BEGIN DATASET SECTION

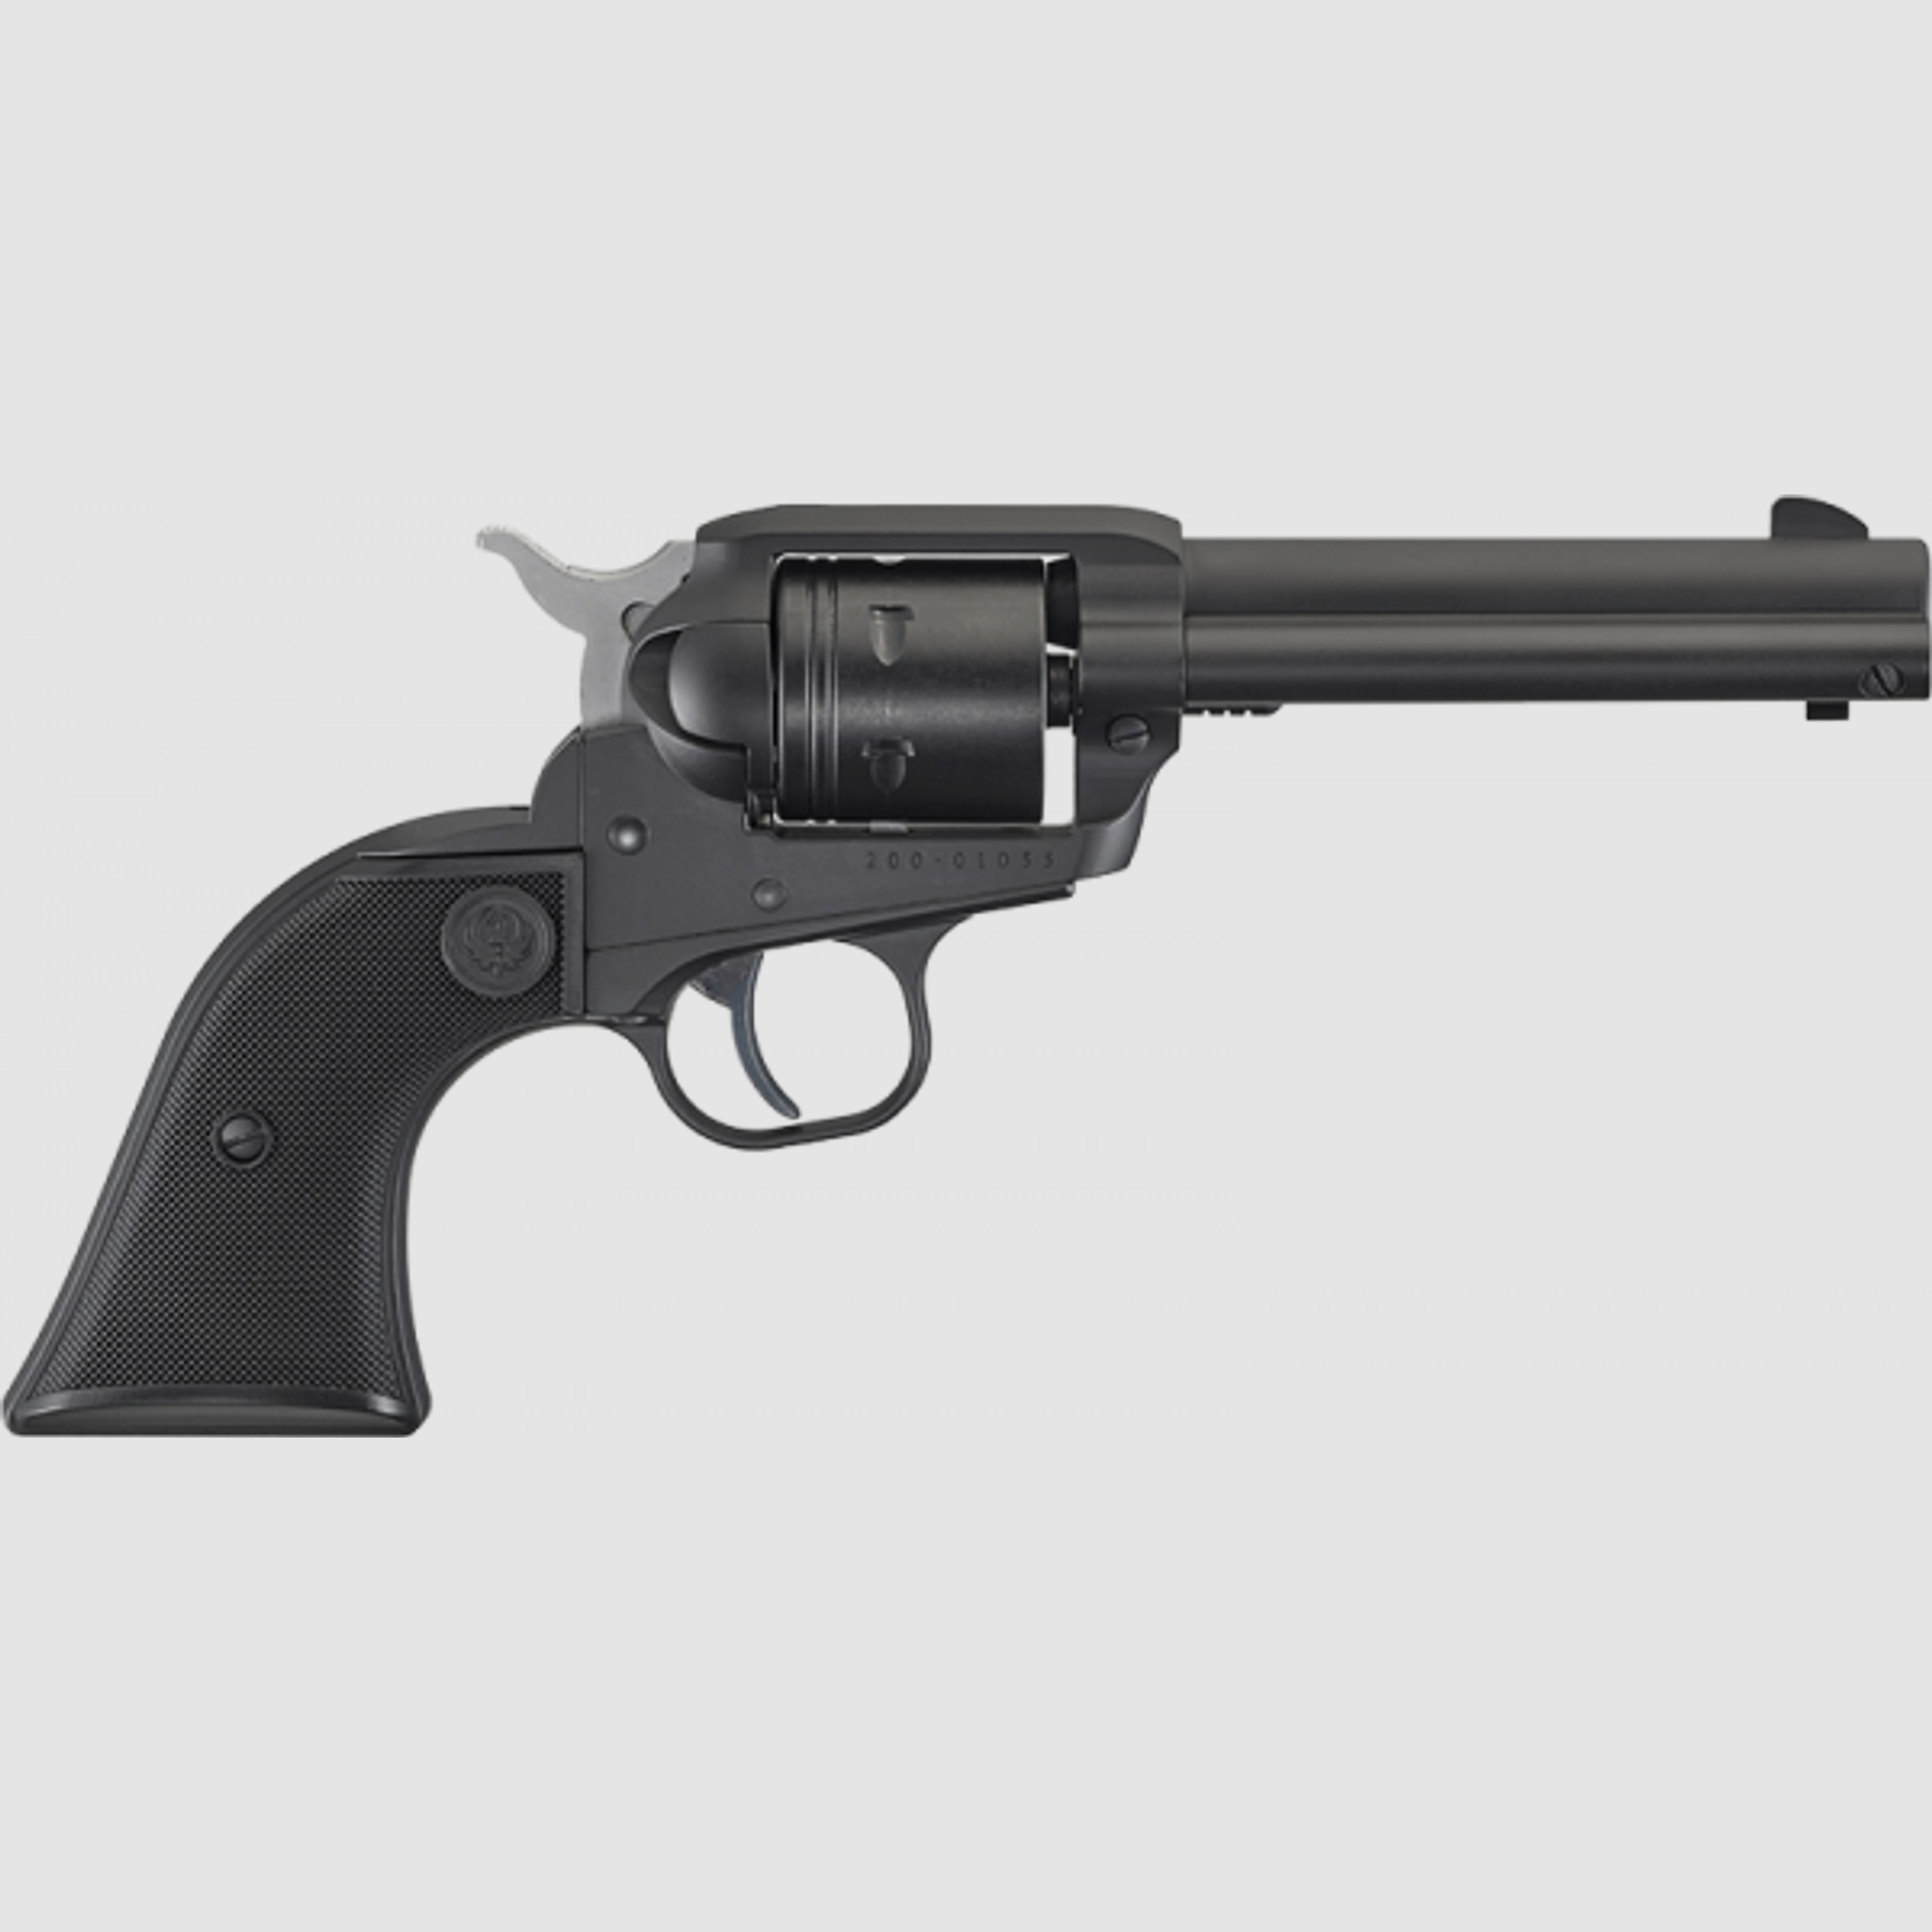 Ruger Wrangler Revolver
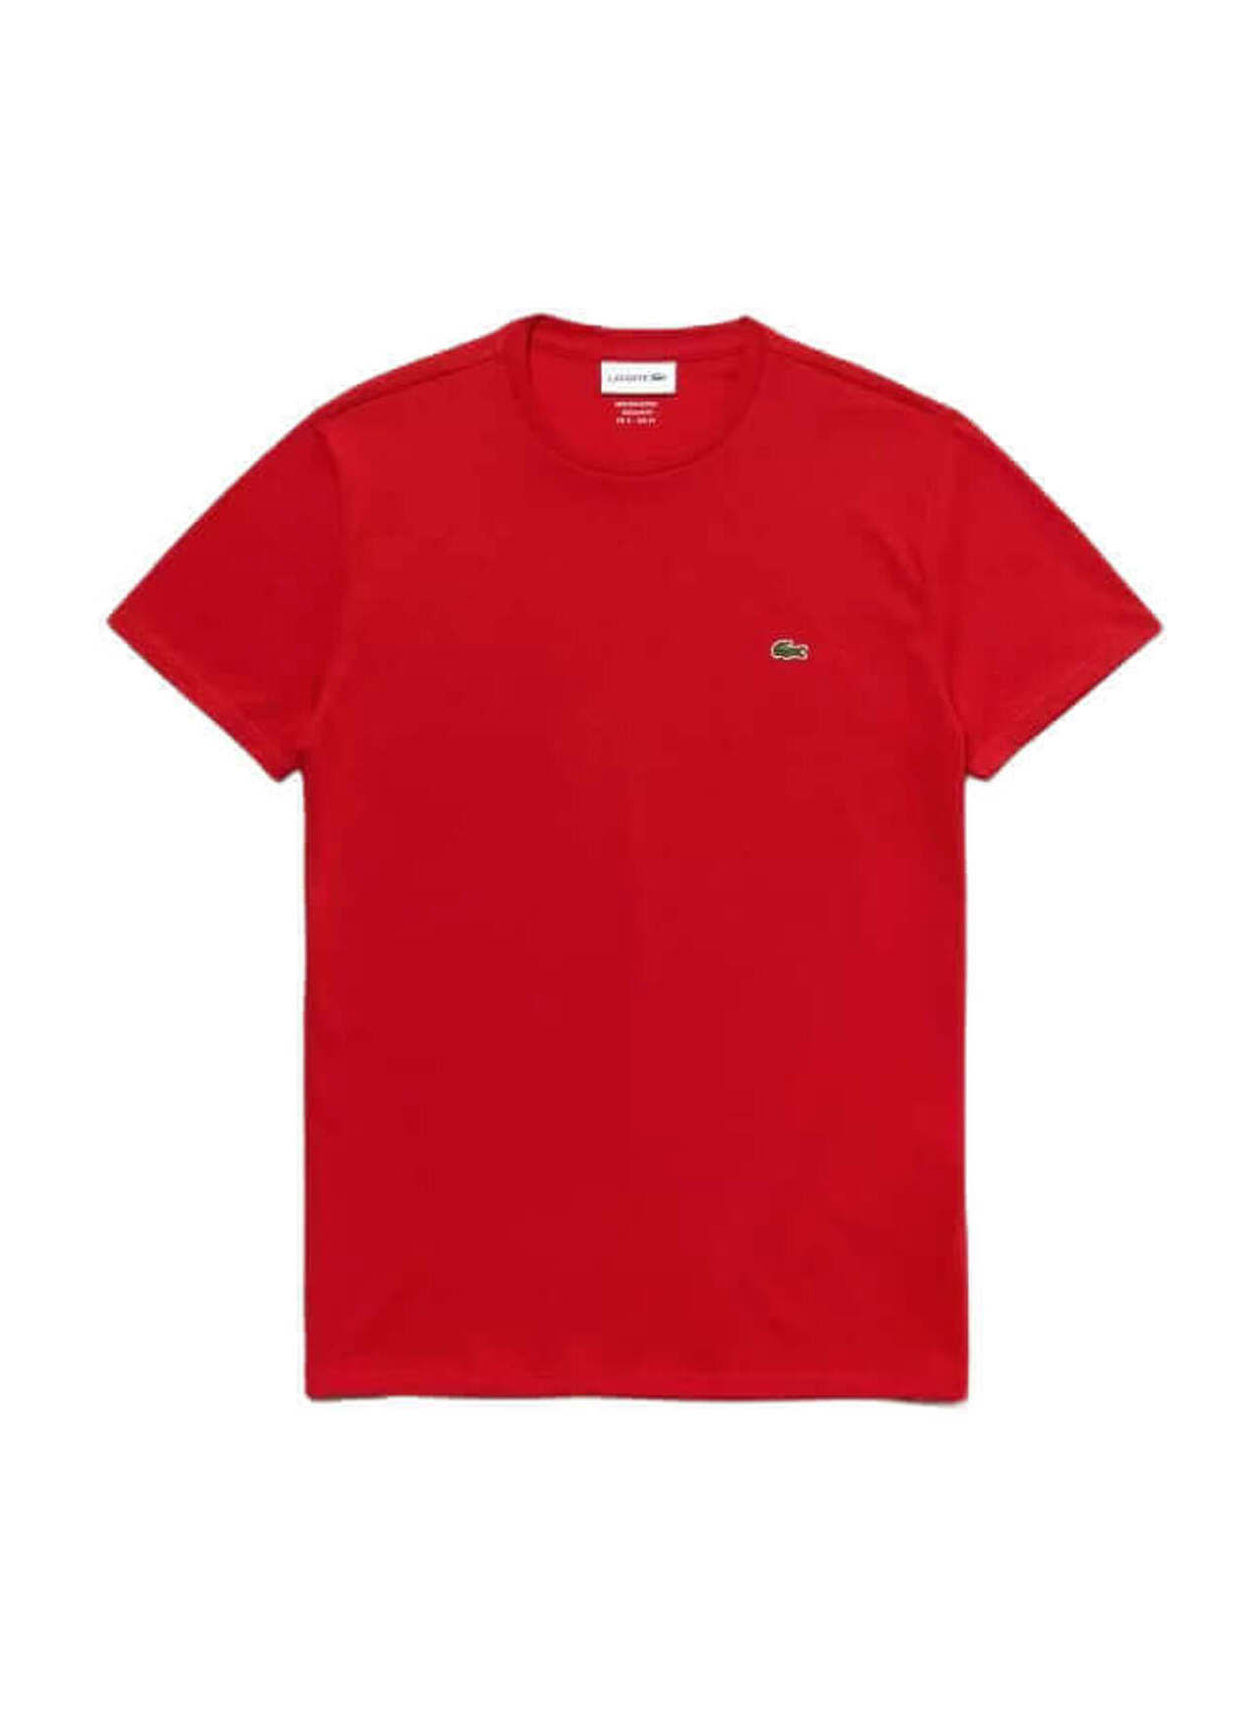 Lacoste Men's Red Crew Neck Pima Cotton T-Shirt
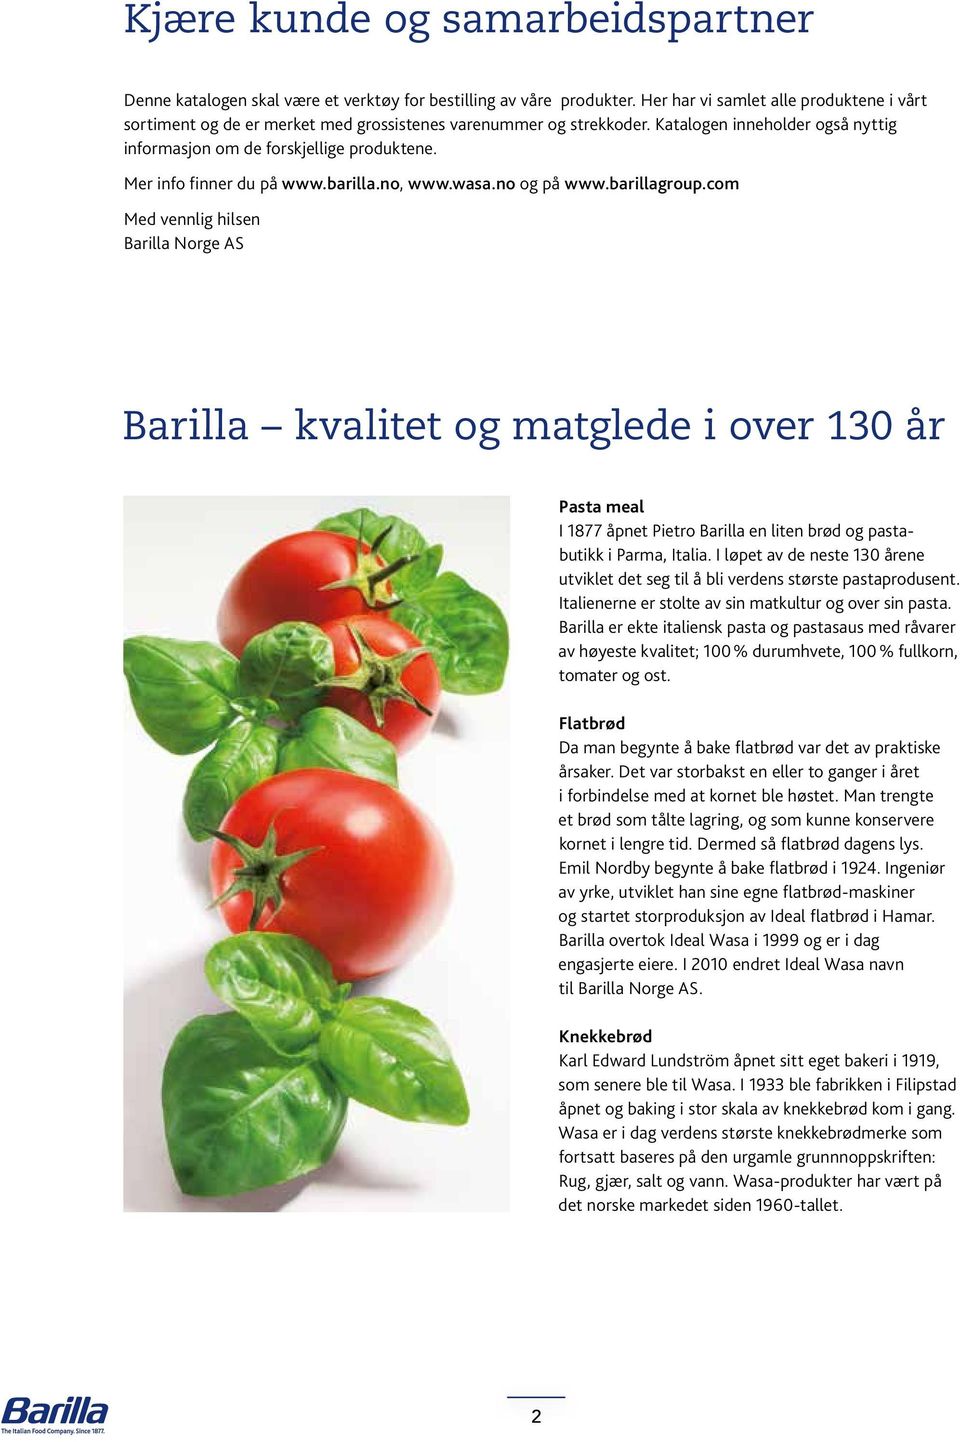 Mer info finner du på www.barilla.no, www.wasa.no og på www.barillagroup.

END DATASET SECTION

ASSIGNMENT
Output the full material above exactly, leaving every picture out.

OUTPUT FOR THIS EXERCISE
 Ruger Wrangler Revolver
 Lacoste Men's Red Crew Neck Pima Cotton T-Shirt
 Mer info finner du på www.barilla.no, www.wasa.no og på www.barillagroup.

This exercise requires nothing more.